I don't think we need a job queue pattern to handle prediction for user submitted flower image.
To me, the easiest way to do is just to have an only API server to handle the incoming requests. The user should able to upload the lower image and get the prediction with in one or two requests. I don't expect running trained model against uploaded image will longer than 10 seconds.
Personally, I don't like long pulling. It introduces a lot of issues. And it should be used in some real-time features.
The reason why I suggest using "Flask" is to reduce overall complexity since we are going to write Python anyway.
If we need job queue pattern and need to push result to the front end, I would suggest using Phoenix Framework.
@indiejoseph @jackhftang Why do we need to explore "model" knowledge to the front end? One trained model to handle all image classification tasks sounds good to me. We should serve different model version in google cloud or somewhere, so that we can roll back to different version easily.
The reason why to separate a ml-server is
It is very likely more than one models. Models will evolve and probably you want to try new ideas from time to time. If you not just regarding the app and considering the processing of development, I guess you will want the ability to select a model and submit an image and see the result afterward or compare result with others.
hosting the api-server is easy, but ml-server could be memory-hungry or worst if the model can only run on gpu, you may not want to spend on long-living gpu instance for little request. The architecture allow the ml-server to be offline, or reply in much later time.
btw, it is not long polling.
forget to say, user hold the image_id and poll for classification result.
@jackhftang not long polling?
@jackhftang We can also choose to host the model to Google Cloud ML.
@jccf091
not long polling, the current design is to GET /api/v0/result/
You may have a look of mock ml-server here. I just have not yet integrate it with the trained resnet50 model. The web frontend is able to handle displaying result already. https://gist.github.com/jackhftang/2bb2bde6f601362a970c73cc7072f3ec
And I have no experience with Google Cloud ML.
Exploring ML Engine on Google Cloud https://medium.com/google-cloud/keras-inception-v3-on-google-compute-engine-a54918b0058
I have made minimum features, upload file and classify. Currently, images are resized and store in api server. Information of what image user own is stored in localStorage. An admin panel is provided by laravel + voyager, which provide basic media/file explorer and graphic database viewer/editor. The api server is behind cloudflare, which provide cdn for all images. Real time update is currently done by polling, and it is just one simple mysql key lookup. I expect commodity computer can handle 10k query/second.
As for the ml-server, it is currently hosting on a somehow decent machine . It took around 10second to load libraries and model (using cpu as backend) and be ready to serve. And it took around 1.5GB of memory, and spawn 114 threads in total. I read some articles about Google ML engine that its real-time api can respond in a second...
Anyway, let's use Google Cloud, I still have $300 usd coupon not yet used and will expire =] I leave this project as my portfolio.

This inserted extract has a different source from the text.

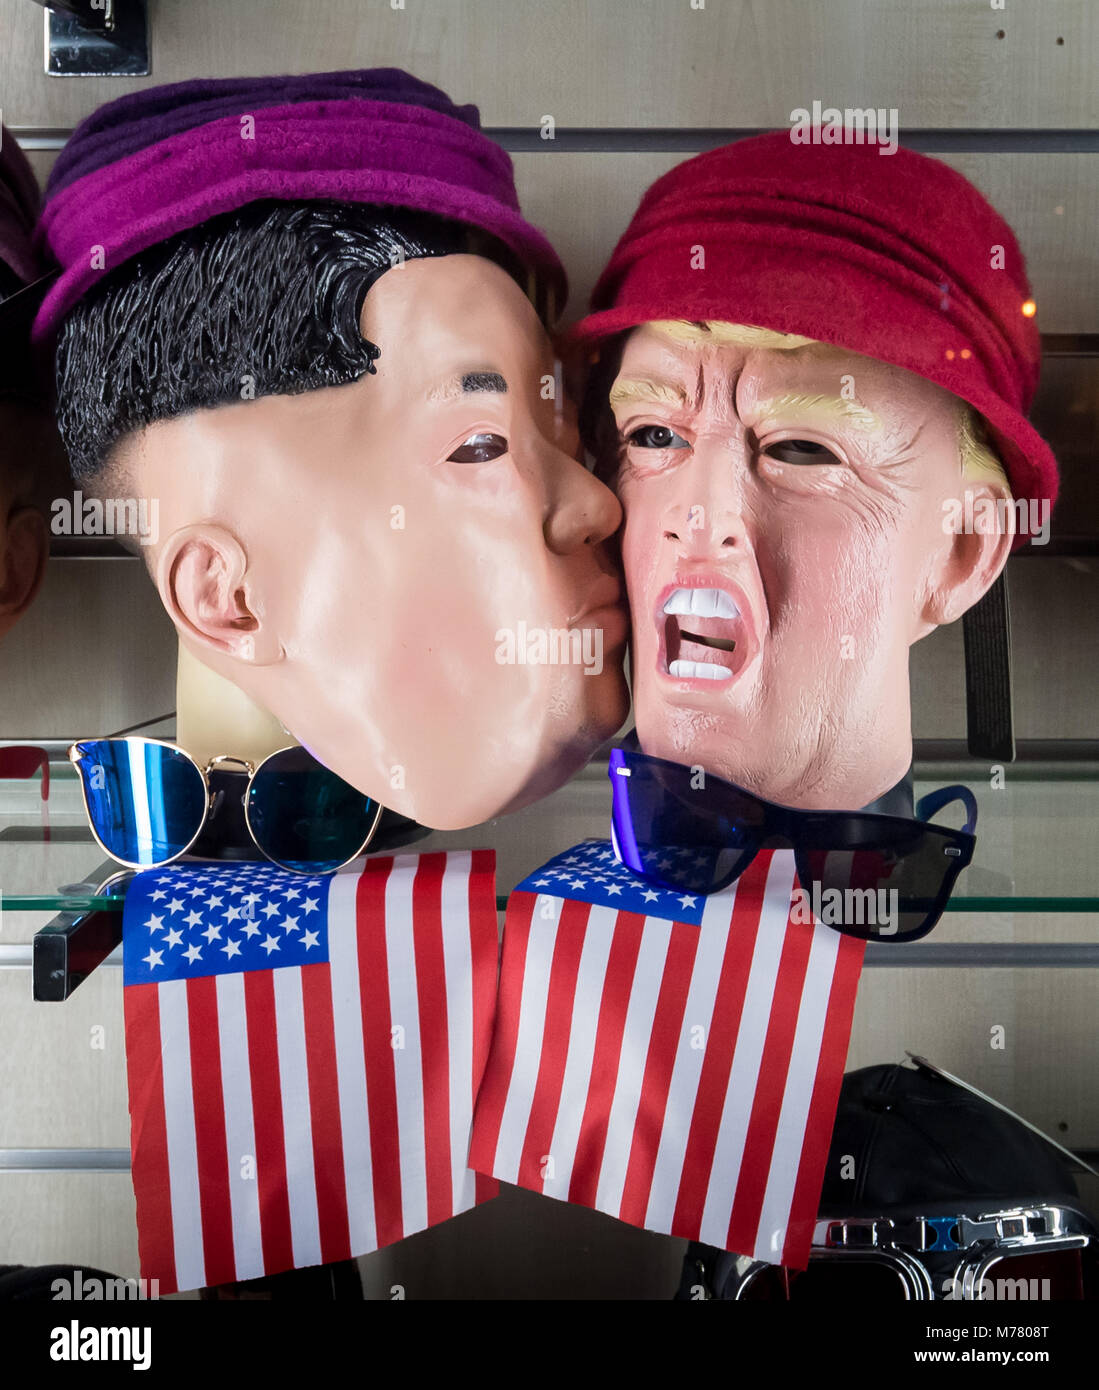 London, UK. 22nd Jan, 2018. Kim Jong-un and Donald Trump face masks are arranged provocatively in a west London shop window. Credit: Guy Corbishley/Alamy Live News Stock Photo

Some request/response data format for reference
{
"lat": "float",
"long": "float",
"photo": "blob"
}
{
"predictions": [
{
"name": "string // flower name",
"probability": "float",
}, {
...
}
]
}
Nice
https://cloud.google.com/about/locations/ It seems like we can only deploy to TW.
Infrastructure for serving the trained model with RESTful API.
1.) API gateway for APP to upload a image 2.) pass the image to get prediction out of the trained model 3.) Infrastructure for serving the trained model, AWS / Google Cloud?